Ding-Ze Hu

Software Engineer with a focus on Python, data engineering, and full-stack development — orienting toward AI / ML-adjacent roles. Based in Hamburg with three years of professional experience at DESY, an MSc in Computer Science from Göttingen, and working proficiency across Mandarin (native), English (C1), and German (B1).

Professional experience

Hands-on ownership of data-centric systems, research tooling, and full-stack delivery in a large scientific organisation.
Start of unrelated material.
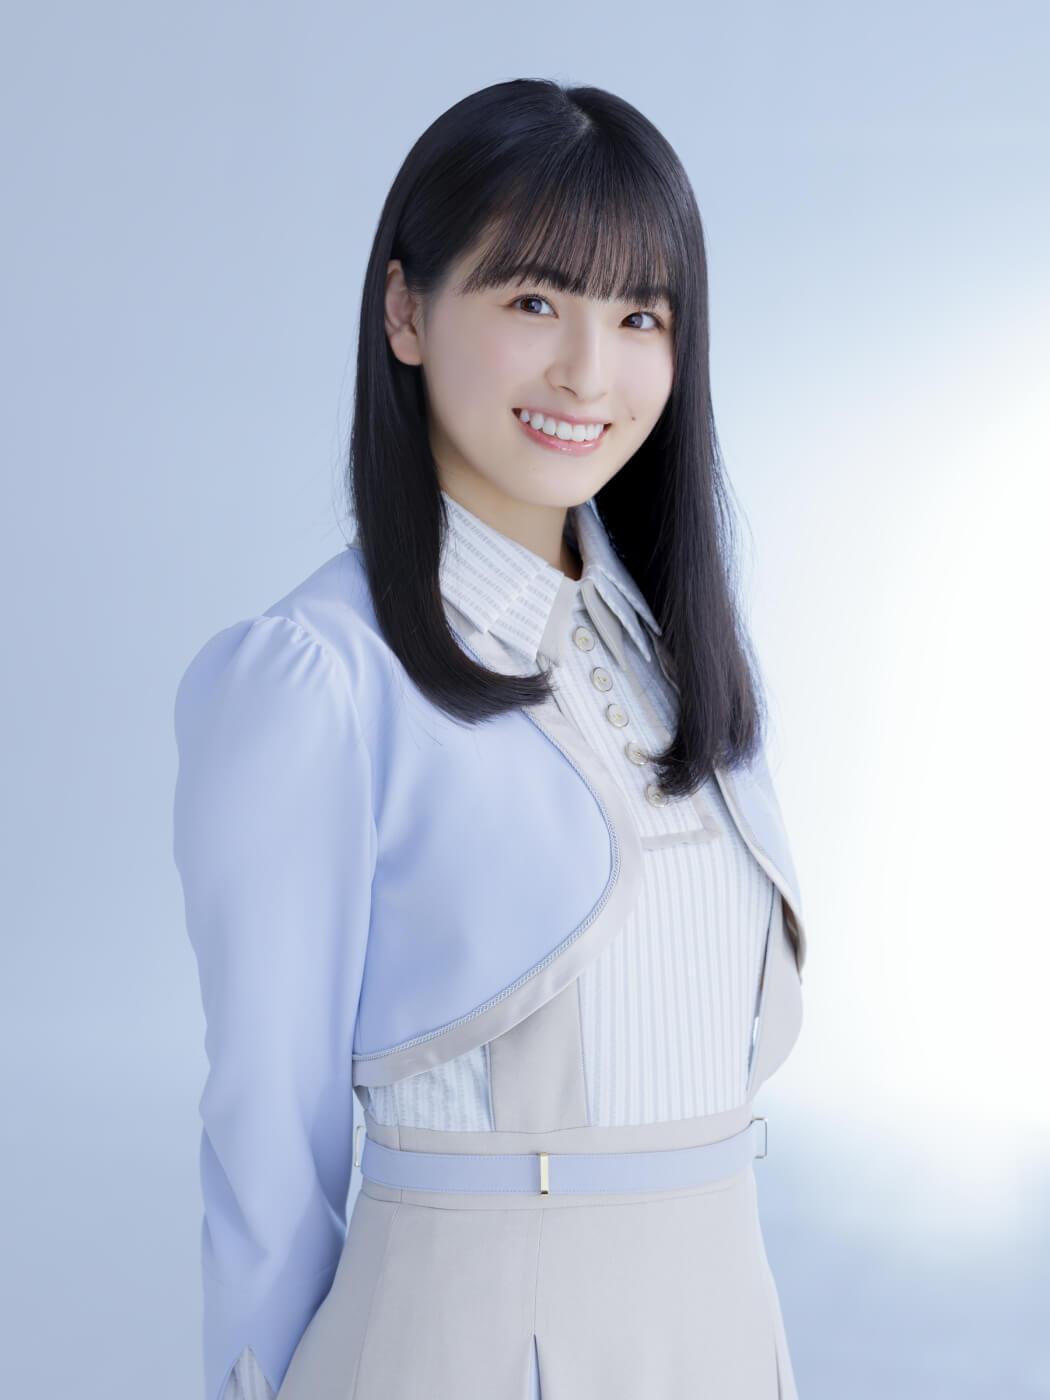 4月11日(日)よる6時から 3期生・大園桃子が登場!
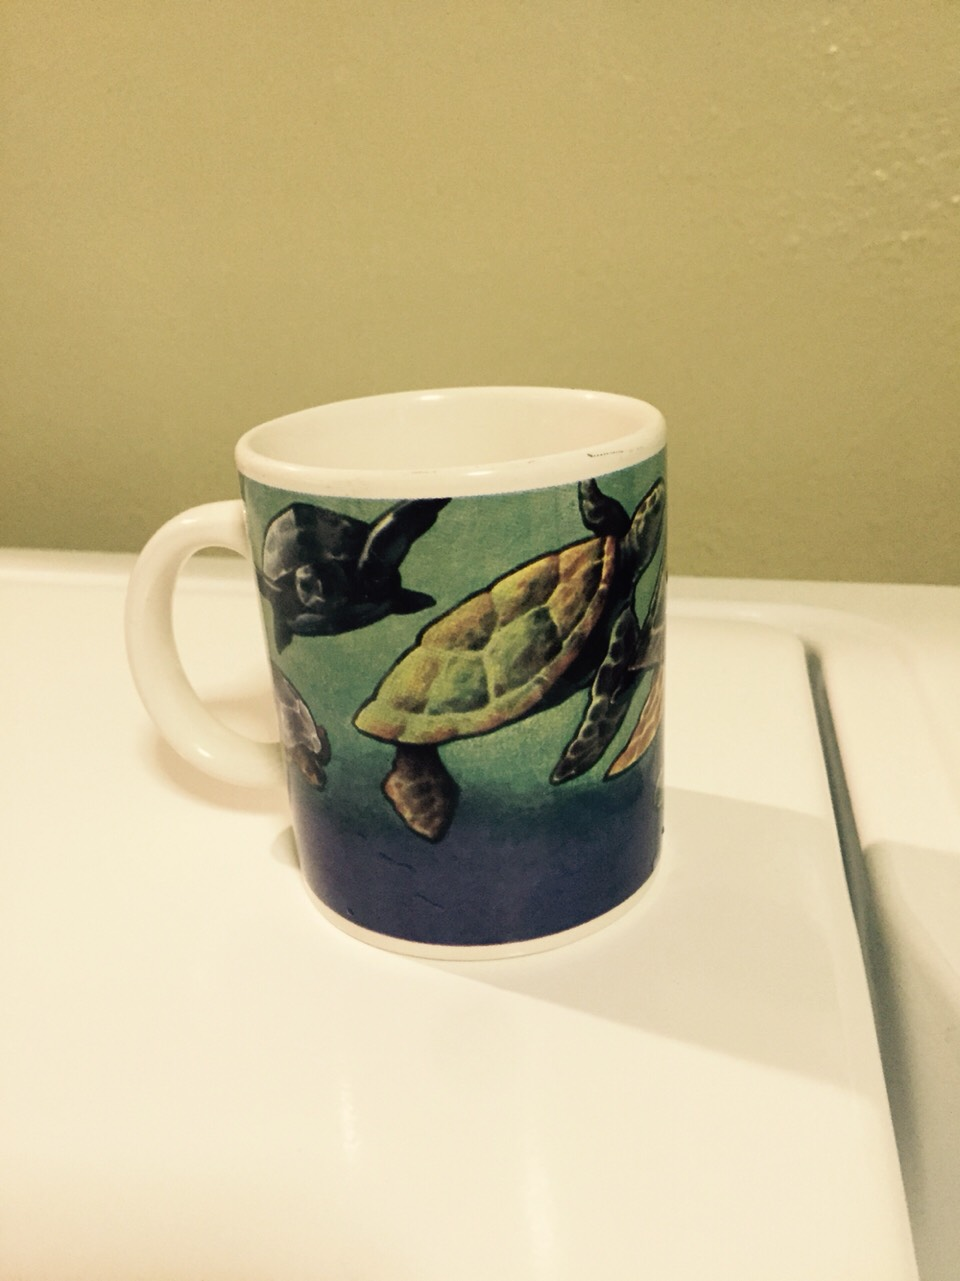 A mug. Not a plastic cup. You need a mug.

Software Engineer (Full Stack)

Deutsches Elektronen-Synchrotron (DESY) — Hamburg · Apr 2023 – present

  • Architected and optimized scalable metadata schemas and Python-based automation engines, reducing manual data collection overhead.
  • Led the containerization of complex research environments using Docker, ensuring 100% reproducibility and streamlining deployment across distributed systems.
  • Designed and maintained end-to-end data pipelines. Implemented automated data cleaning and transformation workflows, ensuring 100% reproducibility for production-ready research.
  • Delivered production-ready full-stack features (Django, React) used by 10+ research teams, improving discoverability and accessibility of scientific data.
  • Took ownership of end-to-end features—from data ingestion and backend services to frontend delivery.
  • Acted as a technical bridge between research users and engineering solutions, translating vague scientific requirements into robust, deployable software systems.

About

I build software that helps researchers find, trust, and use their data — mostly in Python, with solid full-stack and DevOps habits.

Portrait of Ding-Ze Hu

At DESY in Hamburg, I build the Python services and data pipelines that 10+ research teams depend on daily — from metadata ingestion through to the Django/React interfaces they actually use. My MSc at Göttingen focused on database performance for real-time analysis (thesis at GWDG), which still shapes how I think about data-intensive systems.

Technical skills

Programming

Python (Pandas, NumPy, Scikit-learn) SQL (PostgreSQL, MySQL) Typescript C++

Frameworks

Django React Next.js

Databases

Supabase PostgreSQL MongoDB MySQL Redis InfluxDB

Data & ML

Anomaly Detection Time Series Forecasting Graph Embeddings Geospatial Visualization Leaflet ECharts

DevOps & tools

Docker Git GitHub CI/CD

Projects

Thesis benchmark chart: full retrieval comparison figure

In-Memory Database Solution for near Real-Time Data Analysis

Oct 2021 – Jun 2022 · Master’s thesis at GWDG

  • Benchmarked Redis and MongoDB as in-memory caching layers for IoT time-series data stored in InfluxDB, comparing fetch/write performance and memory consumption across custom data structures.
  • Designed three Redis schema variants (sorted sets with pickled data, sorted sets with hashes, multi-set composite) and optimized MongoDB queries using pagination and custom _id indexing — achieving 10x retrieval speedup over legacy InfluxDB queries.
  • Technologies: Python, Pandas, NumPy, Redis, MongoDB, InfluxDB, Jupyter Notebook
Screenshot of the data visualization and network project

Data Visualization & Graph Engineering

Apr 2021 – Jul 2022

  • Developed a high-performance scraping engine to extract publication datasets from Semantic Scholar; processed and cleaned complex relational data.
  • Implemented graph embedding techniques to transform publication metadata into 2D coordinates for interactive network visualizations.
  • Technologies used: Python, Pandas, NumPy, HTML, Graph embeddings, Node.js
Visualization from the sensor data forecasting project

Analysis and Prediction of Sensor Data to build a Forecast Model Using AI Technology

Nov 2019 – Apr 2020

  • High-Scale Time-Series Forecasting & ML Pipeline (drawn from a 20B+ record dataset). Architected a processing pipeline for 20B+ records, implementing advanced outlier detection, feature extraction, and ML models for environmental trend forecasting.
  • Developed dynamic heat maps to visualize temporal temperature variations.
  • Built and deployed predictive models for environmental trend forecasting based on large-scale citizen-science datasets.

Qualification

Master of Science in Computer Science

Georg-August-Universität Göttingen

Oct 2018 – Jun 2022

  • Focus: Machine Learning, Databases, Big Data, Software Development
  • Thesis in GWDG: In-Memory Database Solution for near Real-Time data analysis.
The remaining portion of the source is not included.